A humaniform robot imbued with sentience and what little progress we've made on (emulating?) sapience is sufficient to substantially (not entirely replace) disrupt the human labor demand from the following industries.
* Residential lawn care for Single Family Residences, a $10B annual industry in the US alone. http://bit.ly/2eu4Ulm
* Residential maid service, a $30B annual industry in the US alone. http://bit.ly/2eSQ3oL
* Residential home senior health care, a $180B annual industry in the US alone. http://bit.ly/1ufk95Y
* If residential meal prep and cooking were mostly or possibly entirely automated, then that can convert the personal chef
industry from hundreds of millions into one that poaches a significant portion of the $780B fast casual industry.
http://bit.ly/2dJweO0
That's just four industries, with a combined annual revenue of $1T in the US alone, with tremendous consumer demand. There are lots of other possible industries that can be disrupted with such a "simple" robot, especially in the commercial sectors, and globally. It is not a stretch to say such a robot is a multi-trillion dollar opportunity.

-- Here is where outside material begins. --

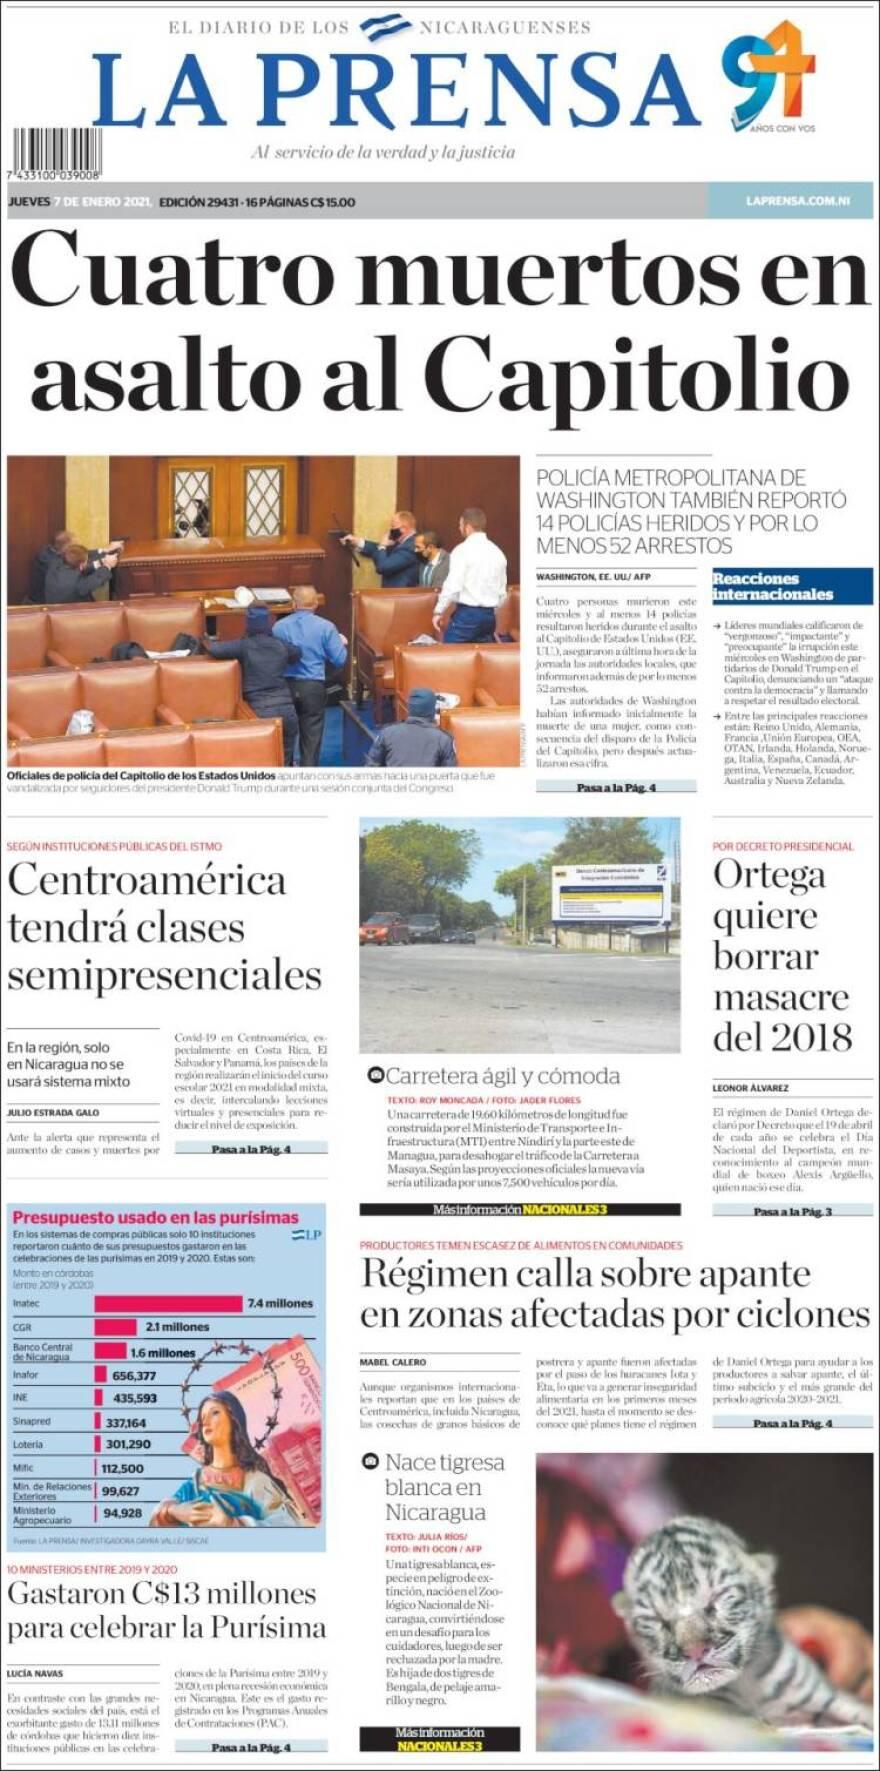 La Prensa Nicaragua.jpg

Suppose you offer a $100K humaniform robot with OTA software updates that can perform most household chores, geofence young children into a specific locality, and basically the sense range, kinesthetic sense of a human, object recognition depth of current AI software, but with only the sapience of what we associate with AI today. Amortize the payments over 30 years, and I expect a billion households will beat a path to your door and happily pay that amount.
It would be hard to predict the knock-on economic and other effects of the development of mass-produced personal household robots. Probably similar to trying to predict the demand upon lithium supplies a century from when the Model T was introduced. Perhaps something similarly unexpected like divorce rates dramatically drop due to fewer domestic disputes over household chores because most of those chores disappear.
My thesis is that the people building robots are not dumb, and already realize the financial potential in figuring out sentience, and already are aware at some level that the sentience I speak of is incredibly difficult to build because we understand so little about it, and the AI field focuses upon coming in at the problem from the sapience angle/level for the good reason that sapience is closer to our current form of computer technology than sentience.
I suspect at a layman's comprehension level that sapience is mostly what we are reproducing in research and industry today, and not sentience, because sentience is far more difficult to plumb. Your explanation of the challenges in quantum methods of simulation and the uncertainty on whether it is even necessary seems to bring up this line of questioning to me. This has interesting ramifications. Like we can build OCR and even put out of work lots of formerly middle-class attorneys who made their living in trial discovery phases. But we have yet to create a second Industrial Revolution with general purpose humanoid-form robots that everyone can own that can clean houses, mow lawns, fold clothes, make beds, wash and chop vegetables, pick strawberries, etc., all supposedly "simple" tasks.